Knowledge Graphs – Connecting the Dots
The solution to the problem described in “Knowledge Graphs: What Is the Problem We Are Trying To Solve” lies in the artful combination of several maturing technologies – Semantics, Graph Databases, and Web Services.
Knowledge Graph Technology Components
- Semantics: Combining best practices from several related fields (Library Science, Information Science, Linguistics), technologies originally intended to add meaning to content (micro tagging, RDF, Semantic Web, etc.), and knowledge organization schemes (SKOS, Topic Maps) will enable organizations to build a “corporate vocabulary” that will act as a road map to its data assets. This common language is needed not only to improve Metadata Management, but will become the starting requirement for emerging AI technologies. This is the transition to “Smart Data” and has become the single most important IT imperative for the 21st century.

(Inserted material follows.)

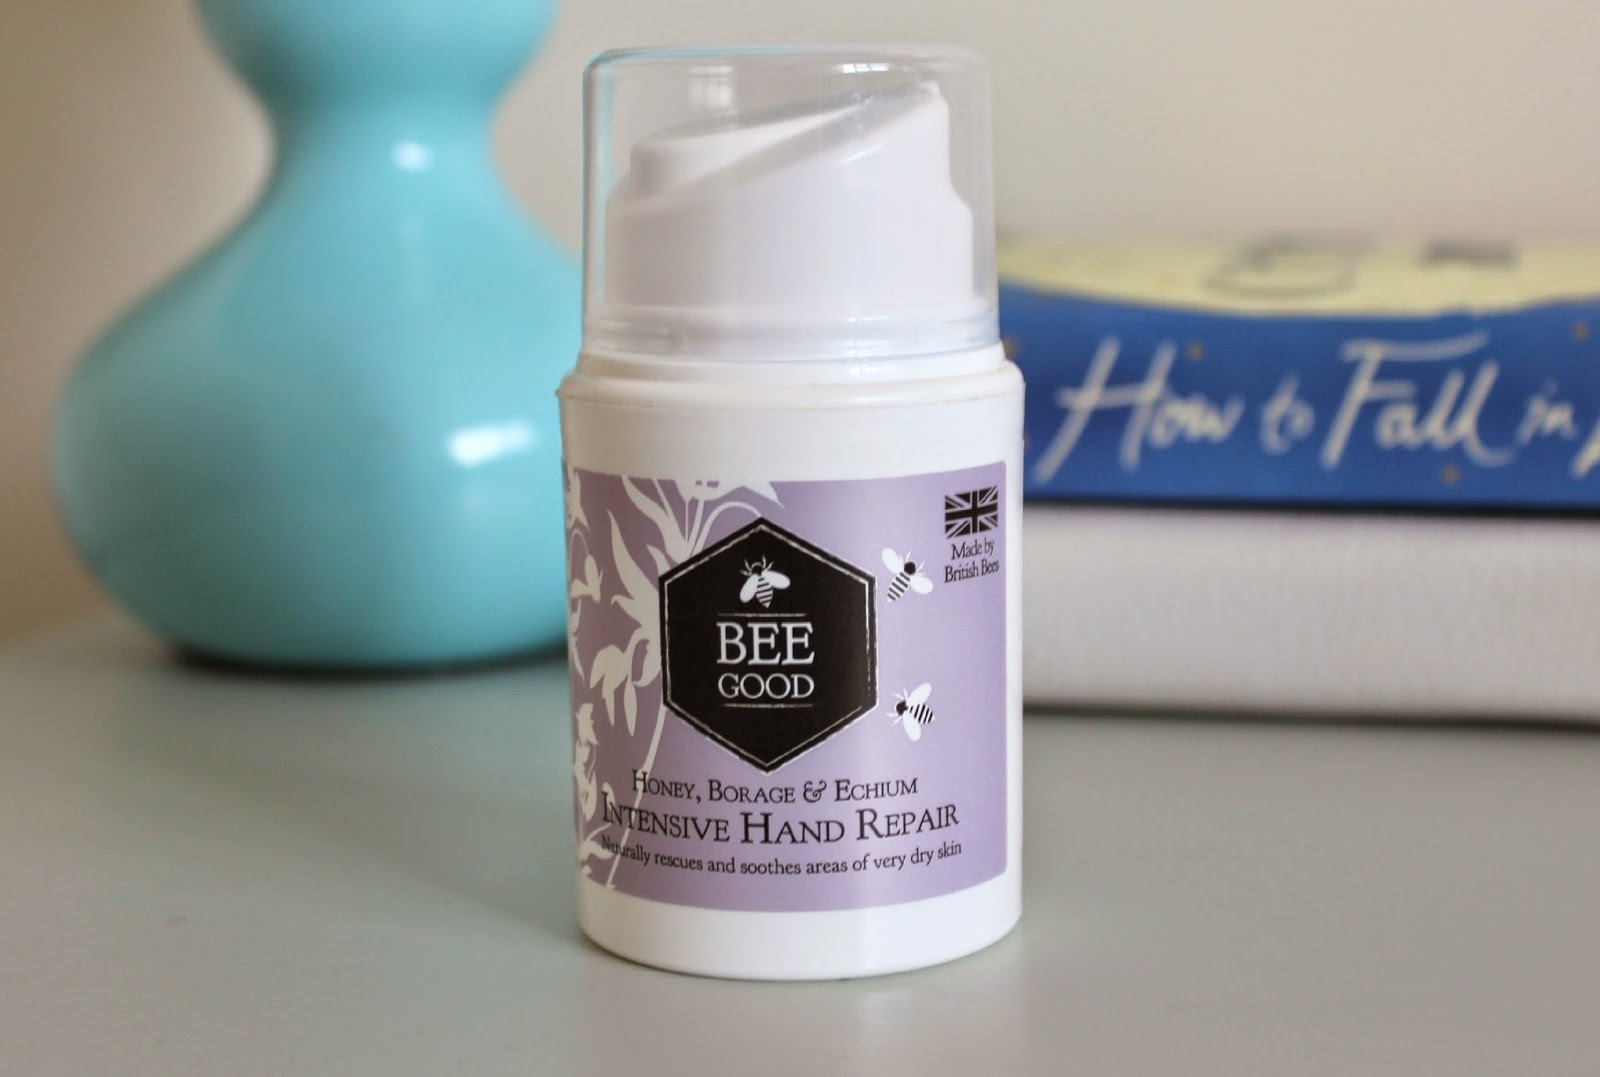 Bee Good Intensive Hand Repair with Honey, Borage & Echium

- Graph Databases: A new model for Metadata – the graph database provides a more natural way to store and query knowledge (as expressed by the corporate vocabulary). While relational databases adequately power today’s tools, the graph model and query language provides capabilities not possible in SQL. All future Metadata Management and CMDB type tools will be powered by the graph model.

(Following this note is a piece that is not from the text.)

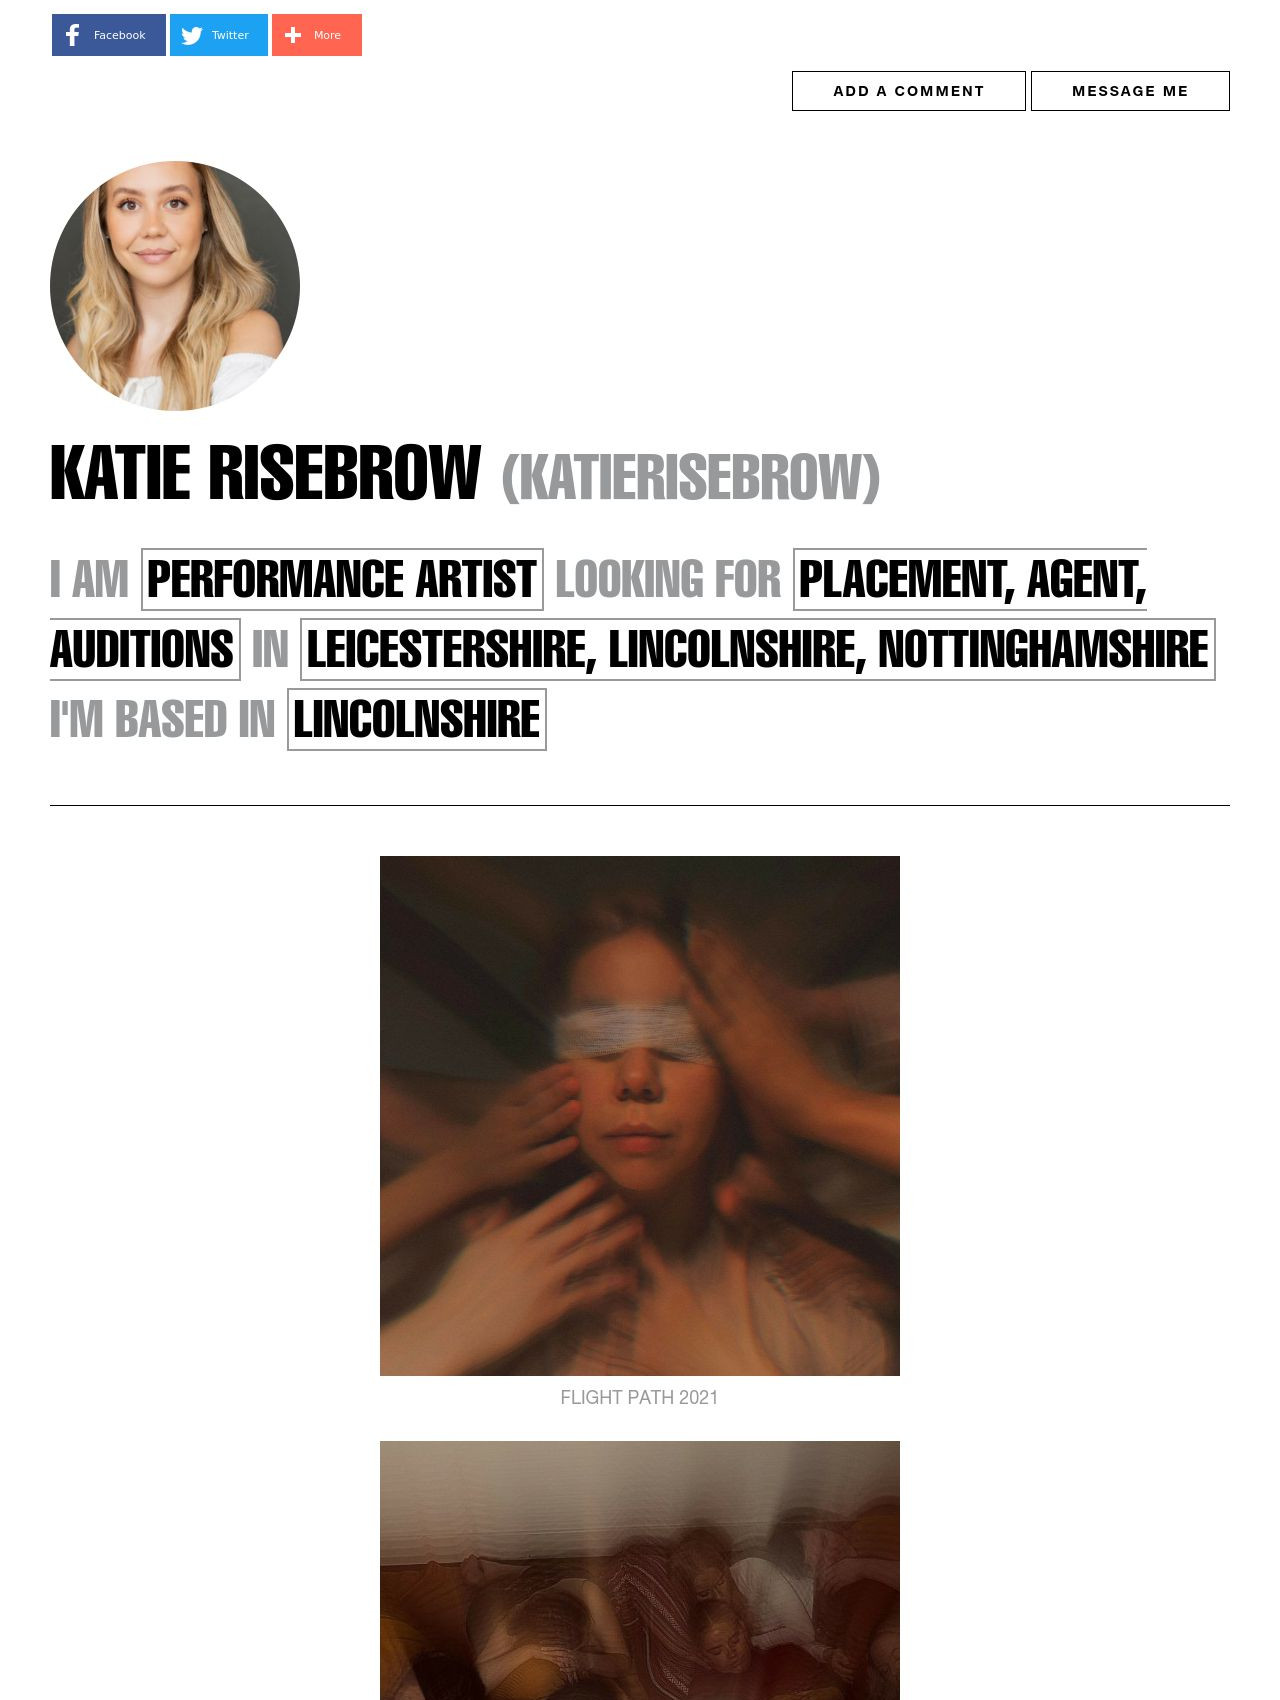 Katie Risebrow

- Web Services: Not just a middleware technology, this represents the decomposition of systems into more granular data aware entities (versus monolithic applications focused on UI’s). Coupled with a better semantic awareness built into the API’s, Metadata Management tools can now layer on top of modern service enabled system management tools.
Combining these three elements together leads to the creation of the “Corporate Knowledge Graph” – a system that will build Metadata into services by design rather than extract it after the fact. The Knowledge Graph will provide a roadmap to linking and accessing all the silo’ed tools and applications used to manage IT and the business. The Knowledge Graph defined in the graph database doesn’t require all information from every source system, only enough of the facts to link the disparate systems together and drive web service calls to underlying source system for additional detail.
Knowledge Graph Key Characteristics
I’ve worked on many difficult Knowledge Mapping exercises in the Data/Enterprise/IT architecture space. They all exhibit the same qualities:
- The concepts involved in the problem being solved don’t exist in the source systems.
- They need to be defined and managed directly in the Knowledge Graph.
- The underlying facts needed to answer tough questions exist, but in many different source systems.
- They need to be merged into the Knowledge Graph.
- The data is always arranged in a network with many different paths that get you from the starting point of the problem to the needed answer.
- The queries must “connect the dots” to find the answer to the problem in ways that are difficult if not impossible using SQL.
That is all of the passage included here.